Parcours du combattant
Vers 14heures, se frayer un passage au sein du marché relevait déjà du parcours du combattant. Aux habitants de Kienfangué s’étaient ajoutés sans doute des Ouagavillois qui, en famille, en couple, ou encore entre femmes et filles, tentaient de faire le maximum de provisions de condiments.
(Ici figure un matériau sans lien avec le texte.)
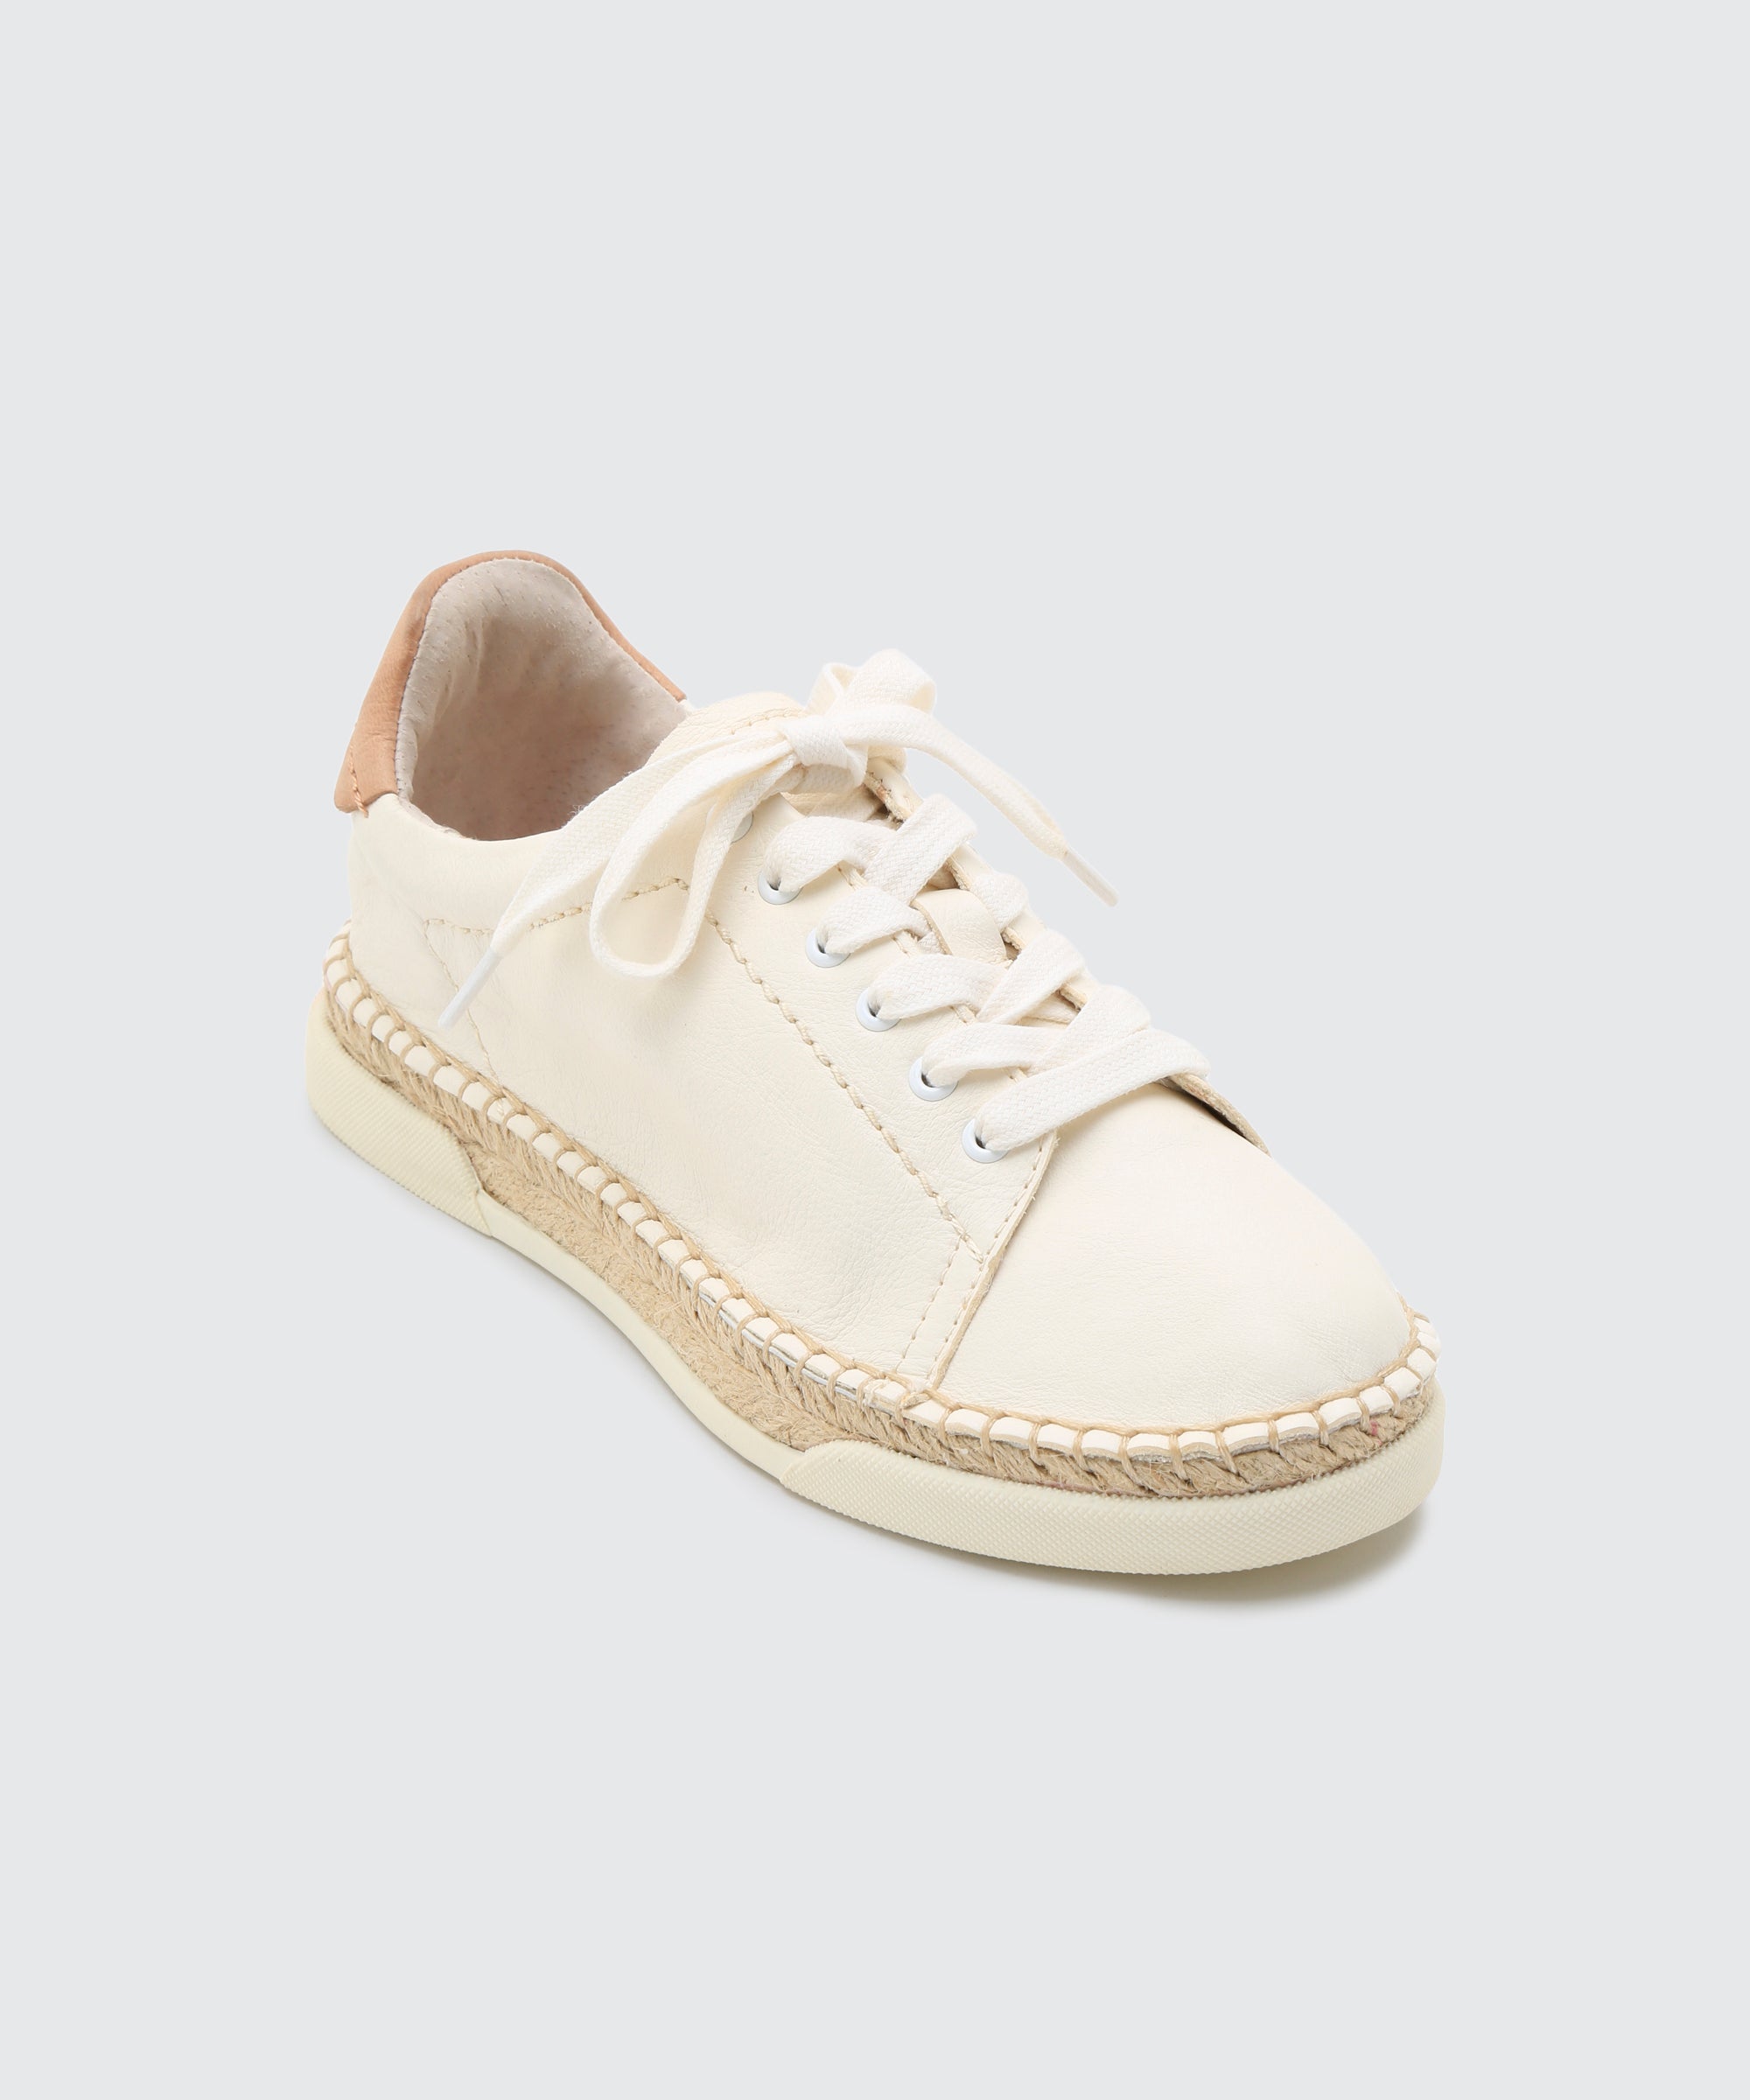 MADOX WIDE SNEAKERS IN WHITE LEATHER

Car le marché de Kinfangué est également riche en légumes et fruits provenant sans doute pour l’essentiel de Komsilga.

Ces produits de jardinage sont exposés à l’intérieur, juste à côté du hall des étuveuses de riz, qui vantaient hardiment leurs produits, labellisés «riz naturel, sans produits chimiques de conservation, cultivé dans les rizières de Kienfangué».

Difficile en outre de parcourir le marché de Kienfangué ou de faire un tour dans les parages du bar voisin sans être frappé par l’image des petits enfants de moins de dix ans, tenant dans les bras ou portant sur la tête des produits divers qu’ils proposent aux visiteurs. Ces enfants n’hésitent pas à harceler les clients avec une insistance qui, nonobstant son caractère moins violent, tiendrait la dragée haute aux scènes à la limite agressives auxquelles se livrent leurs camarades parcourant les «neemiers», «manguiers» et autres espaces de bouffe et de gnole qui poussent comme des champignons dans la capitale burkinabè.

En tout cas, présents dès 7heures du matin, heure indicative à partir de laquelle les premiers étals et hangars du marché commencent à être occupés, ils y resteront jusqu’au soir, aux environs de 18heures, heure de baisse considérable de l’affluence, à en croire Issaka Zoundi, l’un des trois percepteurs du lieu de commerce. Ce dernier, qui s’occupe des marchandes de beignets et de soumbala (denrée obtenue à partir des fruits de néré), avoue que les recettes en termes de taxes varient selon les jours. Toutefois, il reconnaît que depuis que la contribution par vendeuse est passée de 10 F à 25 F CFA, les chiffres d’affaires ont grimpé.

Entre attraction, découverte et détente, Kinfangué reste, grâce à son marché, une localité qui fait le buzz tous les trois jours, avec un déferlement ininterrompu de viandes de toutes sortes pour la plus grande satisfaction des consommateurs et les amoureux de viandes «ministrables».